→ **WHAT IS NEEDED**:
Every line of the records below from the line with "Mensola a muro" up to and including the line with "У агенцтве Россия" must be reproduced exactly, and no line outside that range.

→ **RECORD EXTRACTS**:

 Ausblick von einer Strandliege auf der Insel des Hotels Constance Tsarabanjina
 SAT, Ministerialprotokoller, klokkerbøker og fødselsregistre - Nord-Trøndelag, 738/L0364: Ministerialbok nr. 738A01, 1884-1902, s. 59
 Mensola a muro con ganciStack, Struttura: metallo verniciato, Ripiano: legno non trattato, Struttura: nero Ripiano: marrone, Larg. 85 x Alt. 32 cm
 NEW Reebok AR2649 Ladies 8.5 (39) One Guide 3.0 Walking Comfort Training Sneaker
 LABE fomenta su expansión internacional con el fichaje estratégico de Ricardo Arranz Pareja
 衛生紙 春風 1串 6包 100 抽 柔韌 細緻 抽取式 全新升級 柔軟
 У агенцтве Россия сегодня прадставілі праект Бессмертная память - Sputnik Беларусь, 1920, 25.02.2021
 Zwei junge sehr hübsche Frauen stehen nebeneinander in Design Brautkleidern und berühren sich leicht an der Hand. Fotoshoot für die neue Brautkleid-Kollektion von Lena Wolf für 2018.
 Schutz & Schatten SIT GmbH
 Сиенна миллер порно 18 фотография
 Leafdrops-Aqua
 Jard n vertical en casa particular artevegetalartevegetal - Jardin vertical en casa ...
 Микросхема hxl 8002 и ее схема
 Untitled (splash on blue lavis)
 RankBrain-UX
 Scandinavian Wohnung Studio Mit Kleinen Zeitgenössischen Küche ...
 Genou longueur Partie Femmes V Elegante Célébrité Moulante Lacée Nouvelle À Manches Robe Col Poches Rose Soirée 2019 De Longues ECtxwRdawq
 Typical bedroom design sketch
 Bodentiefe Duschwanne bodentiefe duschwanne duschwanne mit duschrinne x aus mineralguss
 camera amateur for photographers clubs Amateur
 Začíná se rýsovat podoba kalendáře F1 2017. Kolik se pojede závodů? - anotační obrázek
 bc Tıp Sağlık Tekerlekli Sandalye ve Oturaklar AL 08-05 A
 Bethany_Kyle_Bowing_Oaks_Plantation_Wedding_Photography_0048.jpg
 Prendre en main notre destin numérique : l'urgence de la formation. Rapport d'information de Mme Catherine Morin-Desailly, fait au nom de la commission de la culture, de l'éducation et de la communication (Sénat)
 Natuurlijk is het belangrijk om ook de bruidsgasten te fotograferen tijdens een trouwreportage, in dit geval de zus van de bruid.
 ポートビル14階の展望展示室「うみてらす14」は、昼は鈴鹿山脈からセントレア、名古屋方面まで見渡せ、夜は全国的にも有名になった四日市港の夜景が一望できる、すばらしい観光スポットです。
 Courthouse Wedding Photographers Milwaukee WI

→ **SOLUTION FOR THIS EXERCISE**:
 Mensola a muro con ganciStack, Struttura: metallo verniciato, Ripiano: legno non trattato, Struttura: nero Ripiano: marrone, Larg. 85 x Alt. 32 cm
 NEW Reebok AR2649 Ladies 8.5 (39) One Guide 3.0 Walking Comfort Training Sneaker
 LABE fomenta su expansión internacional con el fichaje estratégico de Ricardo Arranz Pareja
 衛生紙 春風 1串 6包 100 抽 柔韌 細緻 抽取式 全新升級 柔軟
 У агенцтве Россия сегодня прадставілі праект Бессмертная память - Sputnik Беларусь, 1920, 25.02.2021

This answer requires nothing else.